* _Work item_:
Return the listing exactly. Keep no pictures.

* _Dataset content_:

§ §

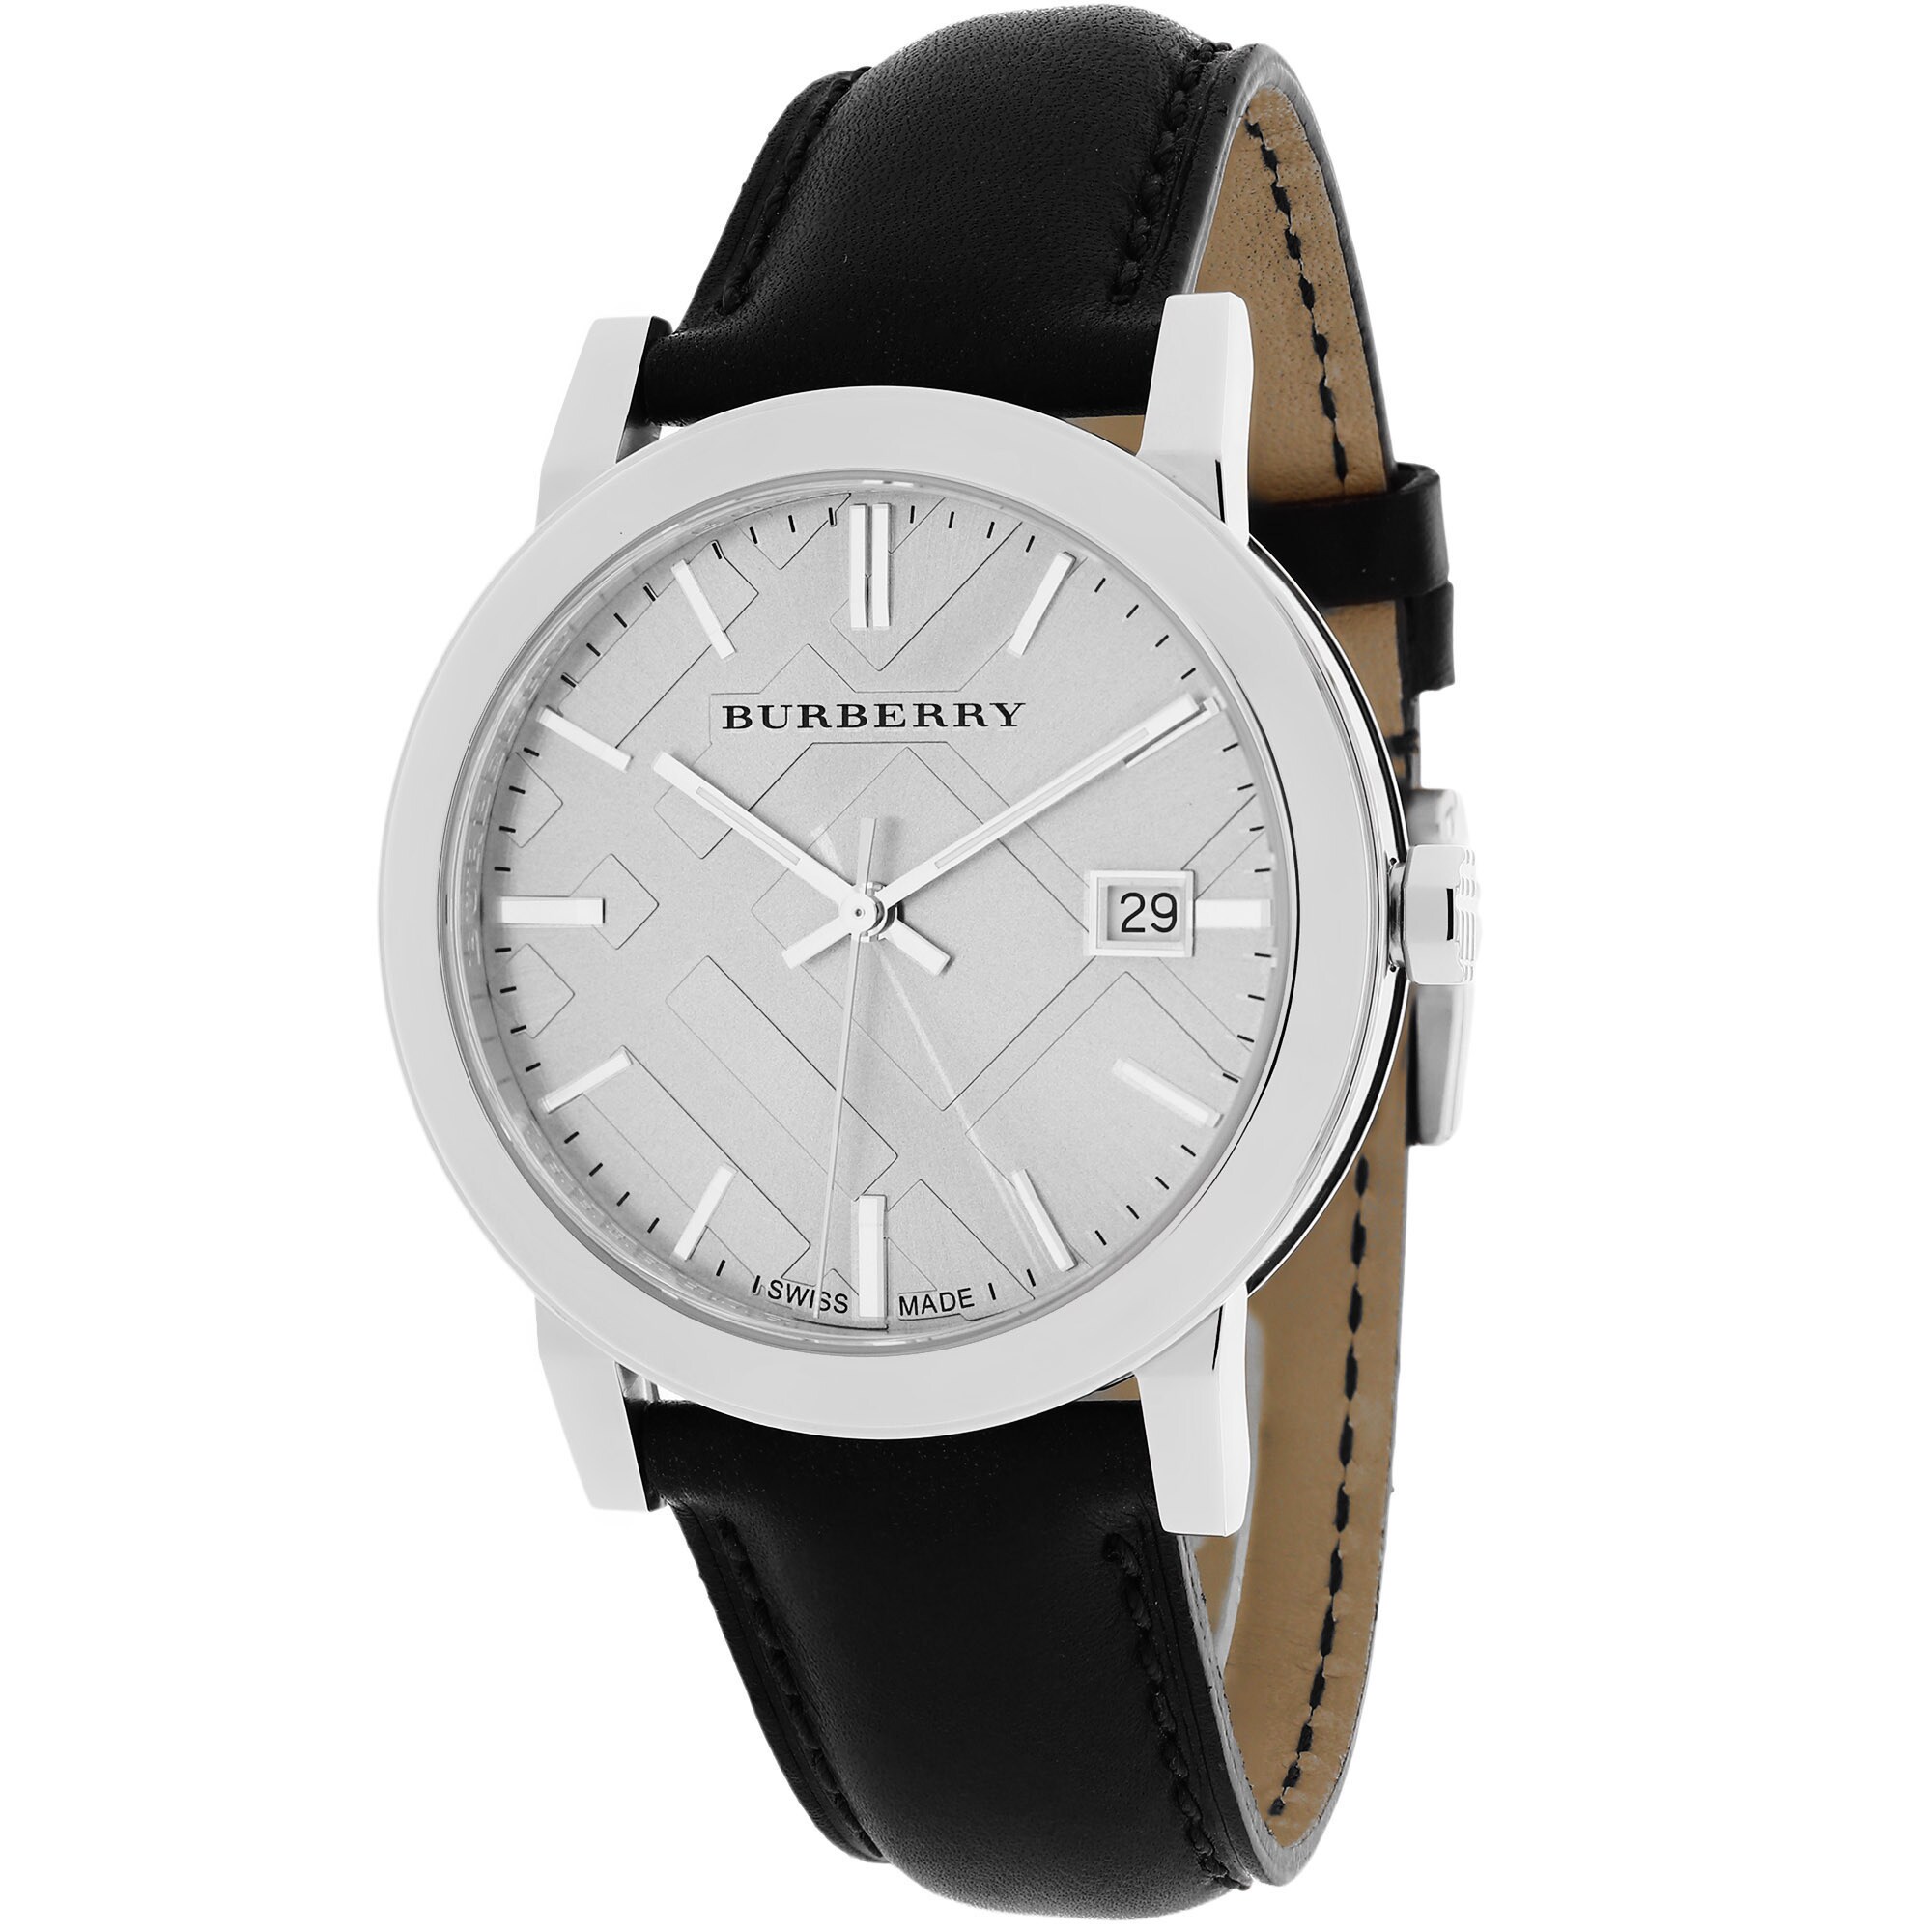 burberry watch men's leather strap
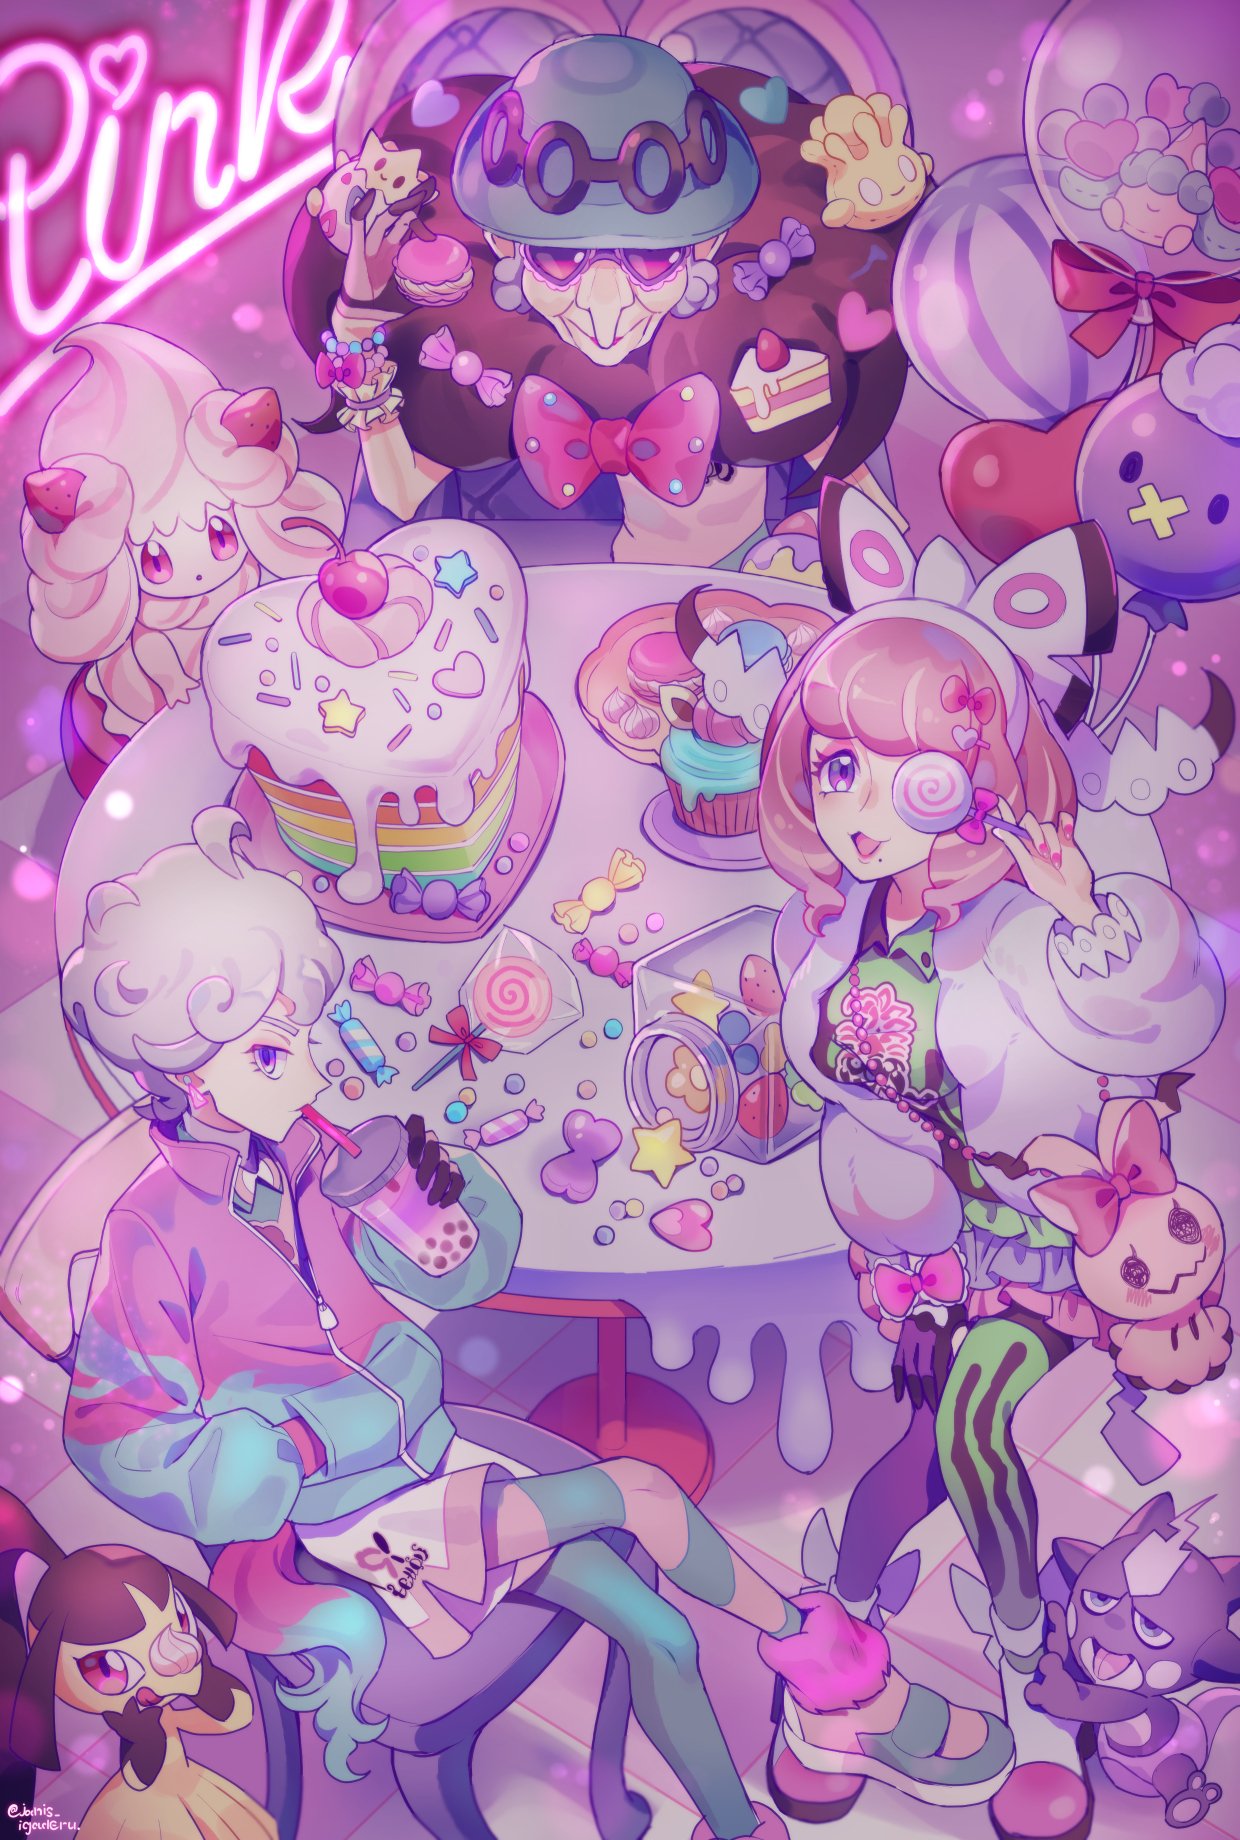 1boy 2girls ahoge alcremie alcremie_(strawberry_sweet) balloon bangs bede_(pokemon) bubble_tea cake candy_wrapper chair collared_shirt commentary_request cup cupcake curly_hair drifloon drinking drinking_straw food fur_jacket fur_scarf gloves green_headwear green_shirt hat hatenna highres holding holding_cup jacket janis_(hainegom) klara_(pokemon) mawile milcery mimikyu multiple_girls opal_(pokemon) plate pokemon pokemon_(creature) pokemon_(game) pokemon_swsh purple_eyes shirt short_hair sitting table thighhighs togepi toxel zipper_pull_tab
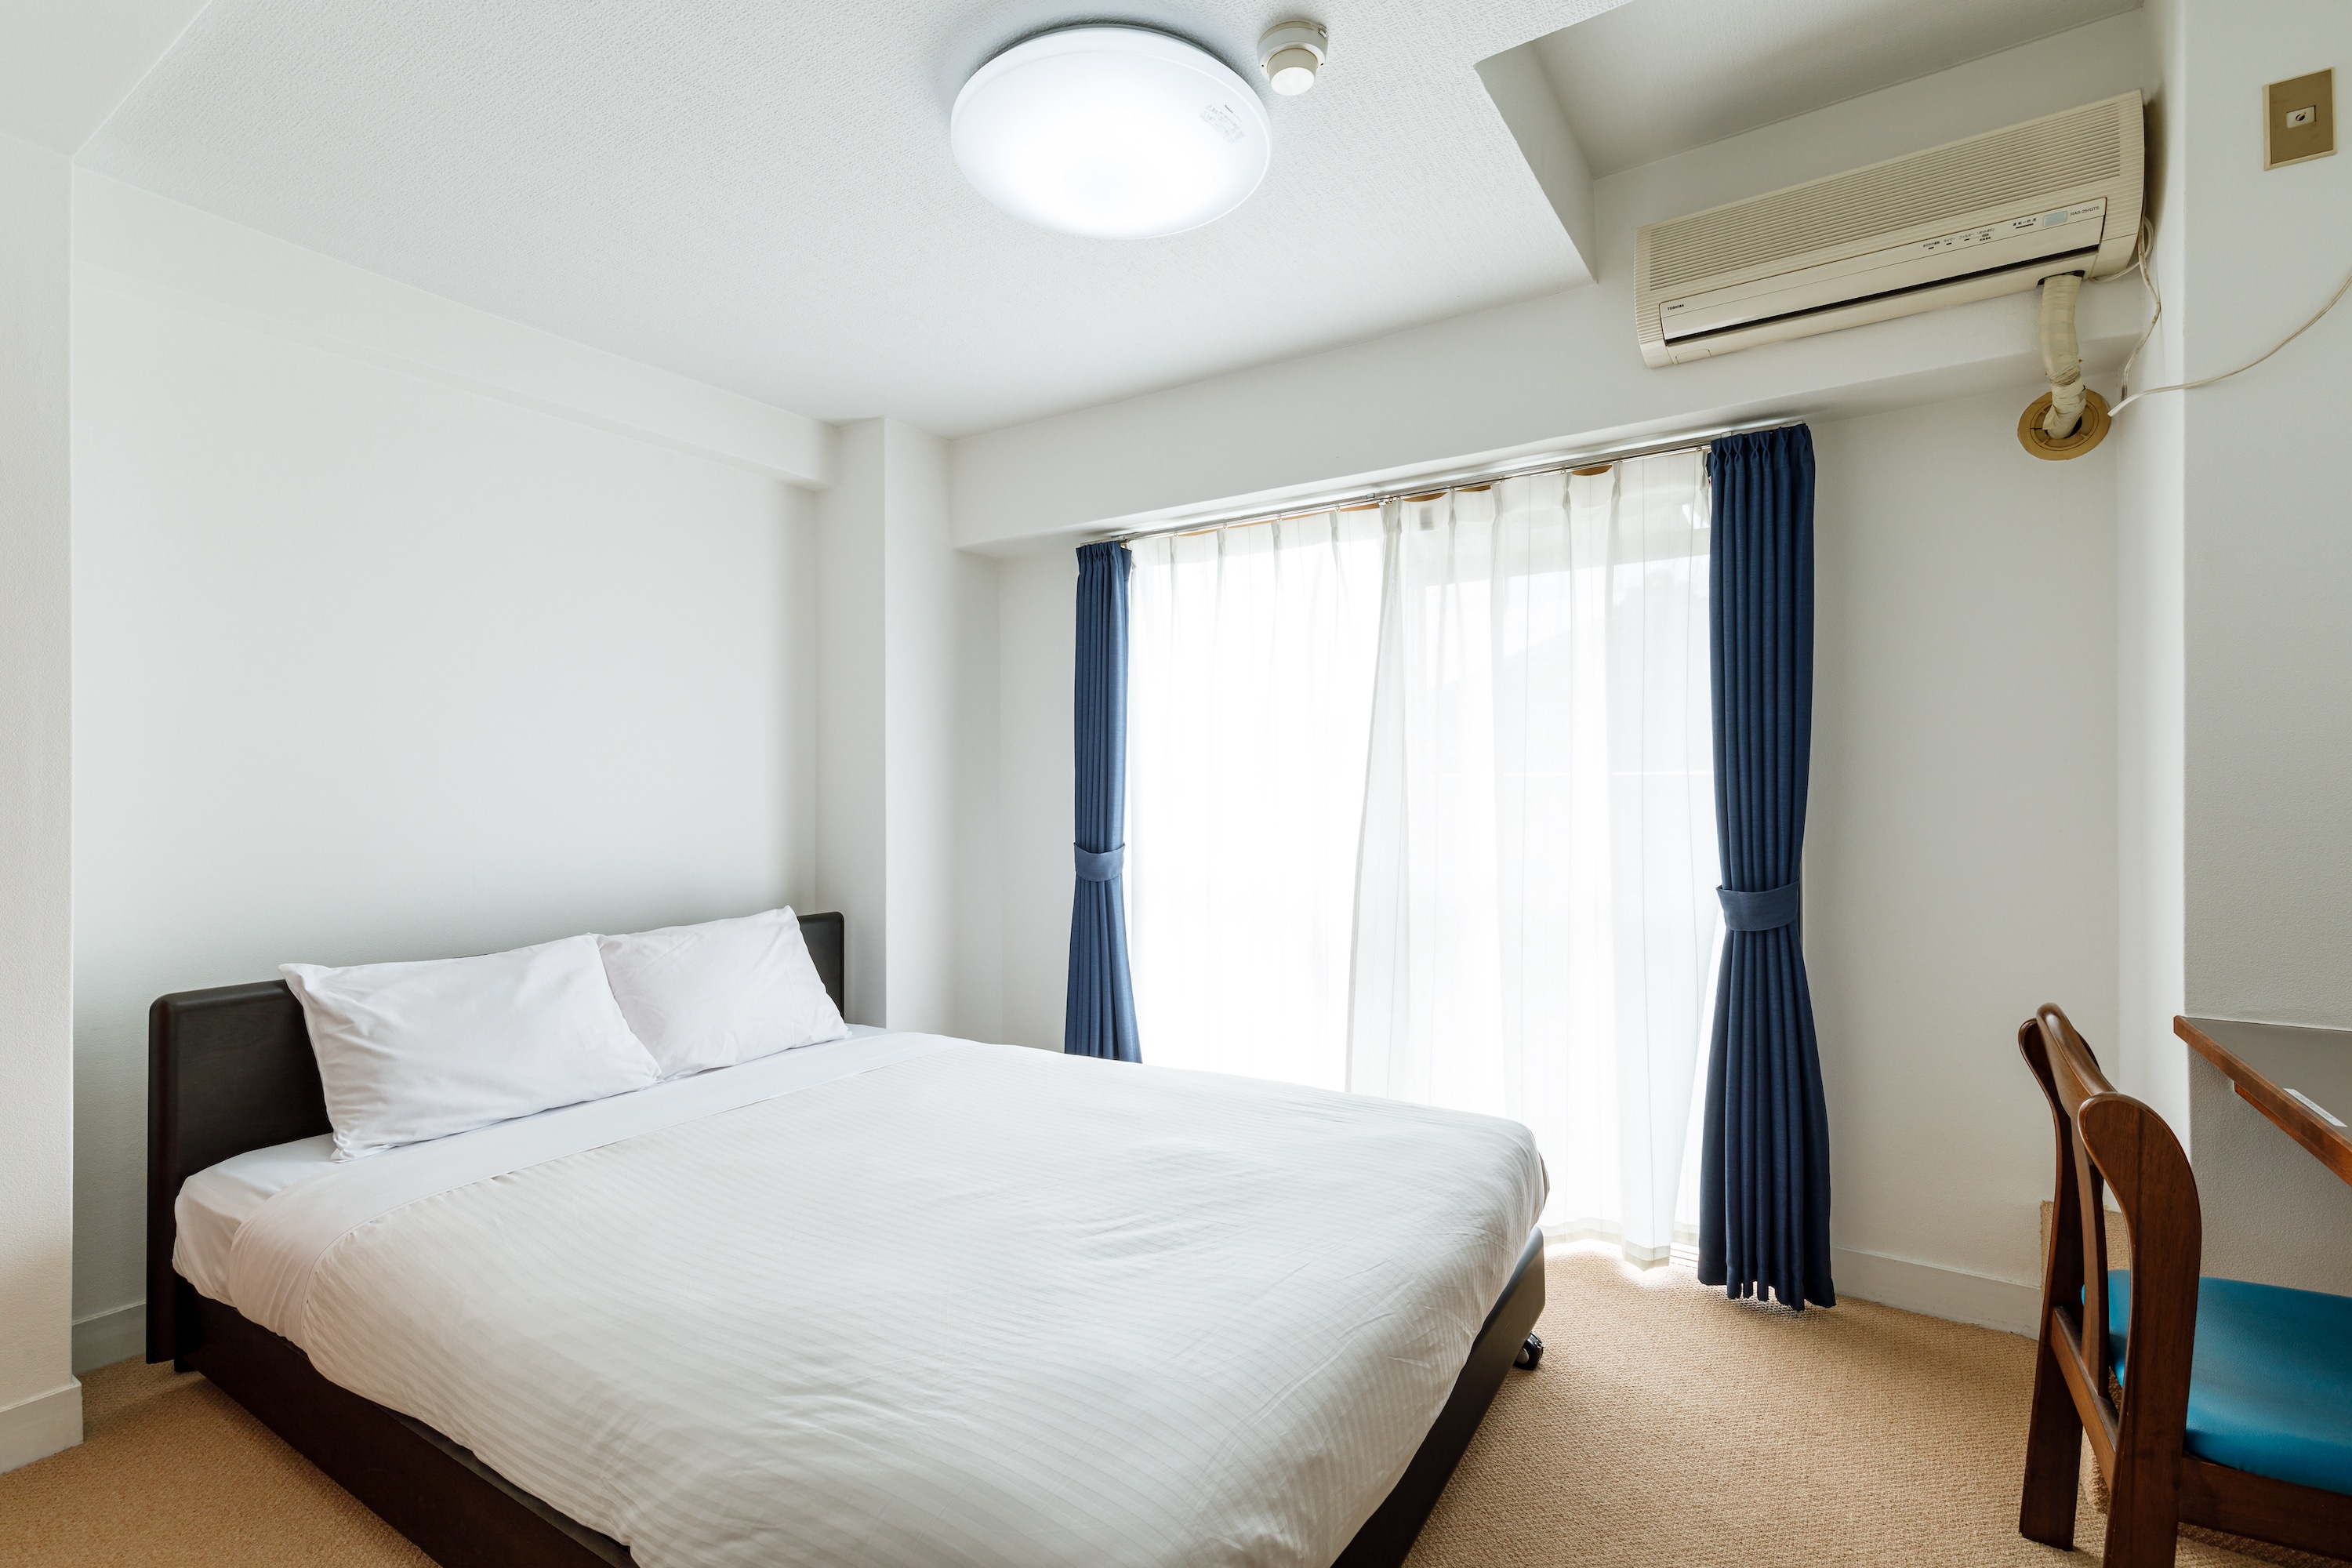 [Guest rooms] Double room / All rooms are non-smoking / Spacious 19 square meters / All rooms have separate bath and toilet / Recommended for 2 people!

§ §

* _Expected answer_:
 burberry watch men's leather strap
 1boy 2girls ahoge alcremie alcremie_(strawberry_sweet) balloon bangs bede_(pokemon) bubble_tea cake candy_wrapper chair collared_shirt commentary_request cup cupcake curly_hair drifloon drinking drinking_straw food fur_jacket fur_scarf gloves green_headwear green_shirt hat hatenna highres holding holding_cup jacket janis_(hainegom) klara_(pokemon) mawile milcery mimikyu multiple_girls opal_(pokemon) plate pokemon pokemon_(creature) pokemon_(game) pokemon_swsh purple_eyes shirt short_hair sitting table thighhighs togepi toxel zipper_pull_tab
 [Guest rooms] Double room / All rooms are non-smoking / Spacious 19 square meters / All rooms have separate bath and toilet / Recommended for 2 people!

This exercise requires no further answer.